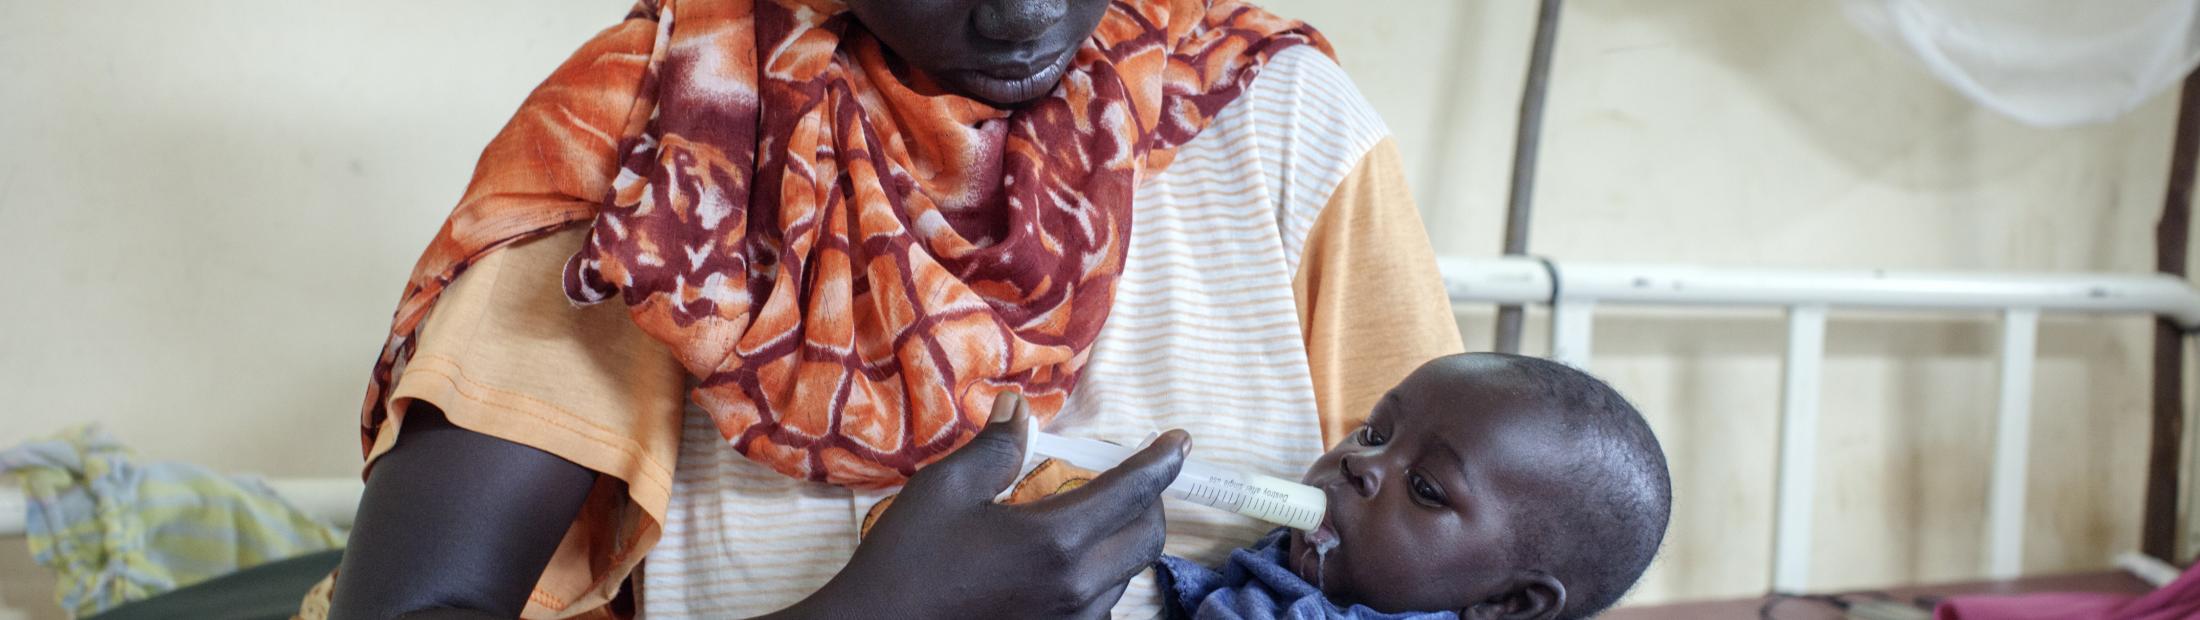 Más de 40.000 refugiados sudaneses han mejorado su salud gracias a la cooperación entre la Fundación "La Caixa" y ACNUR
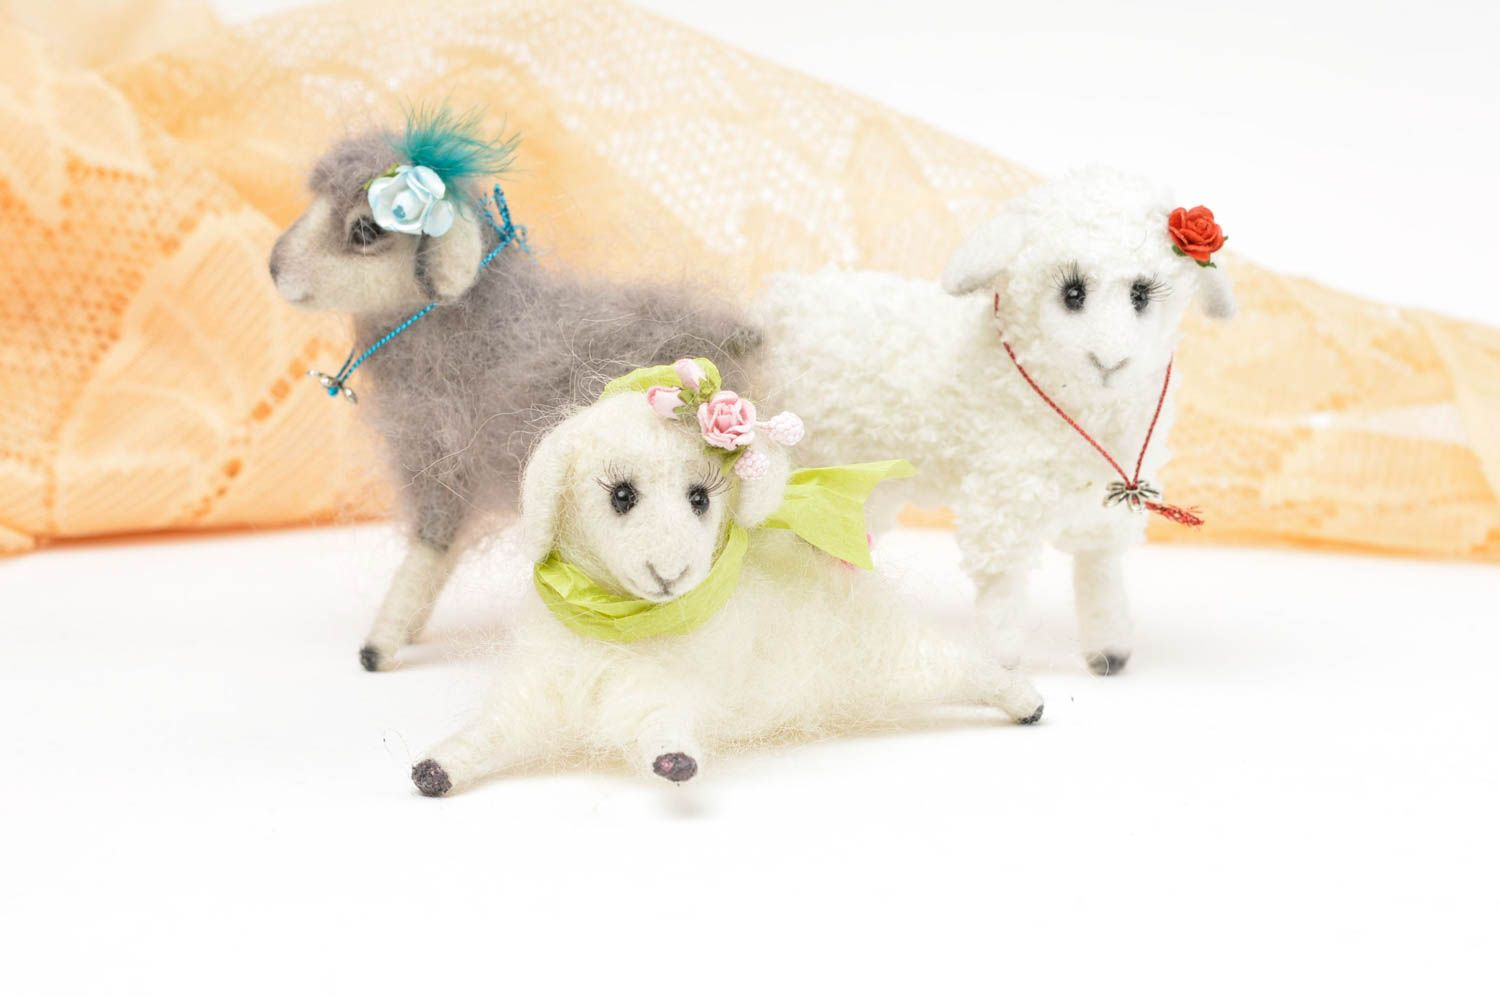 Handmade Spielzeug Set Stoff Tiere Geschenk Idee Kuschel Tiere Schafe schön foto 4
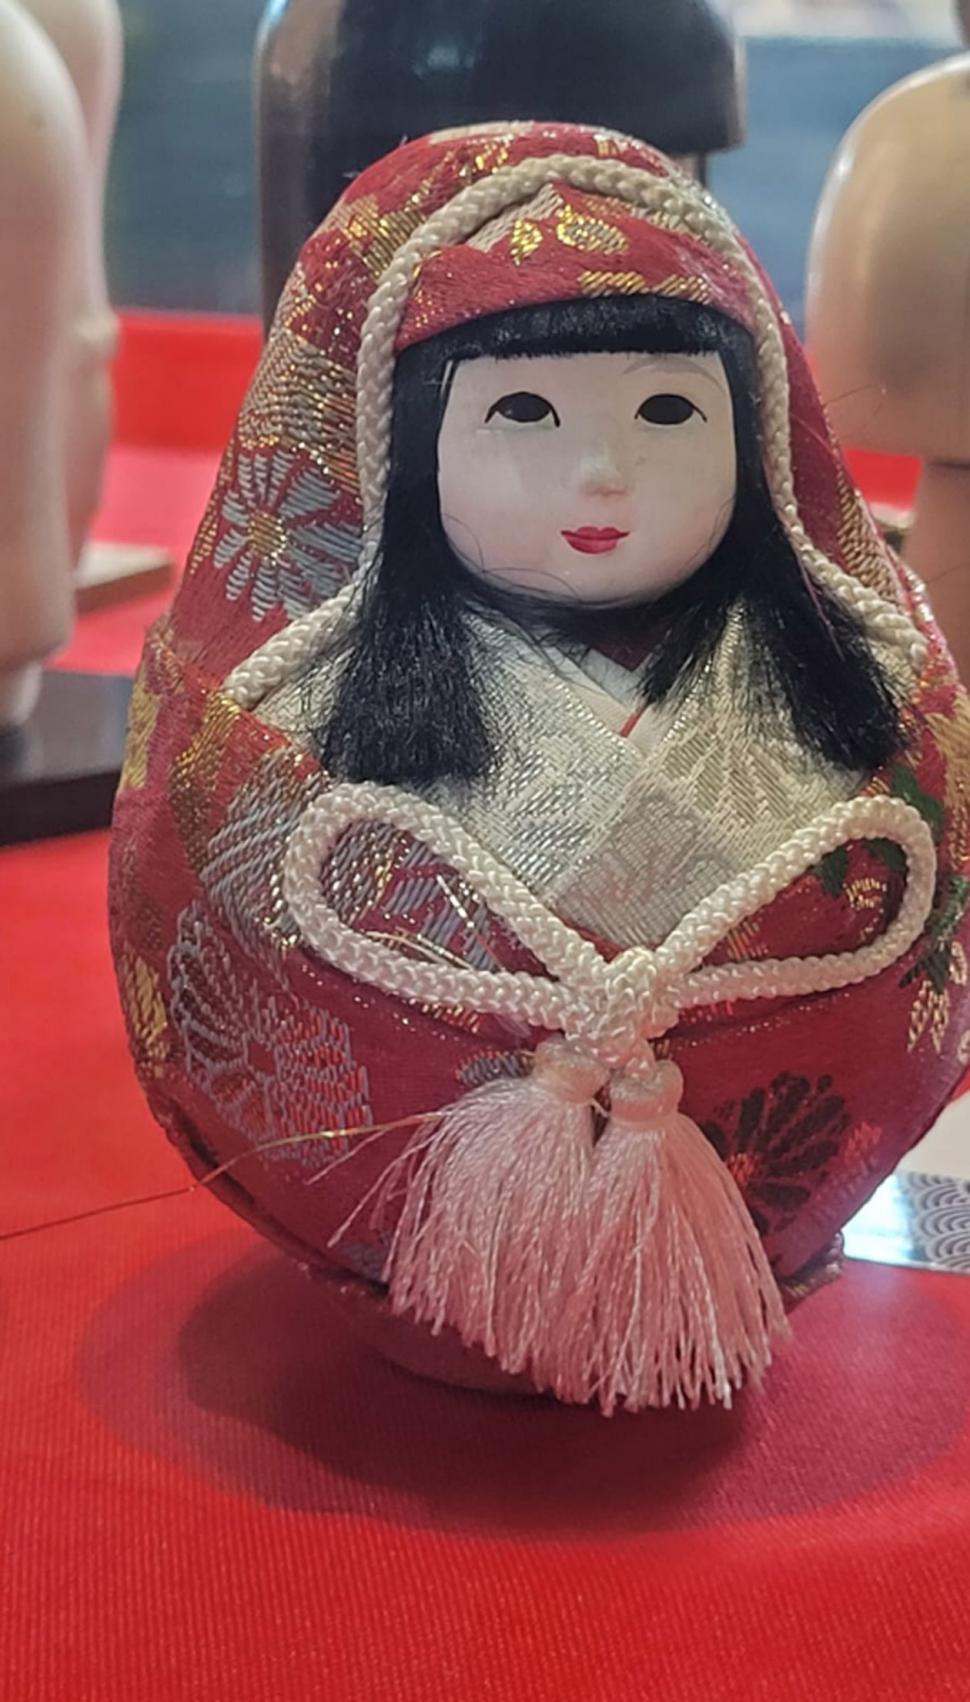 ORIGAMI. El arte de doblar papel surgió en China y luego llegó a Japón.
○ ○ ○
◆ DIRECTIONS FOR THIS TASK
Give back the whole listing exactly, without pictures.

◆ RESULT OF THIS TASK
 Más de 40.000 refugiados sudaneses han mejorado su salud gracias a la cooperación entre la Fundación "La Caixa" y ACNUR
 Handmade Spielzeug Set Stoff Tiere Geschenk Idee Kuschel Tiere Schafe schön foto 4
 ORIGAMI. El arte de doblar papel surgió en China y luego llegó a Japón.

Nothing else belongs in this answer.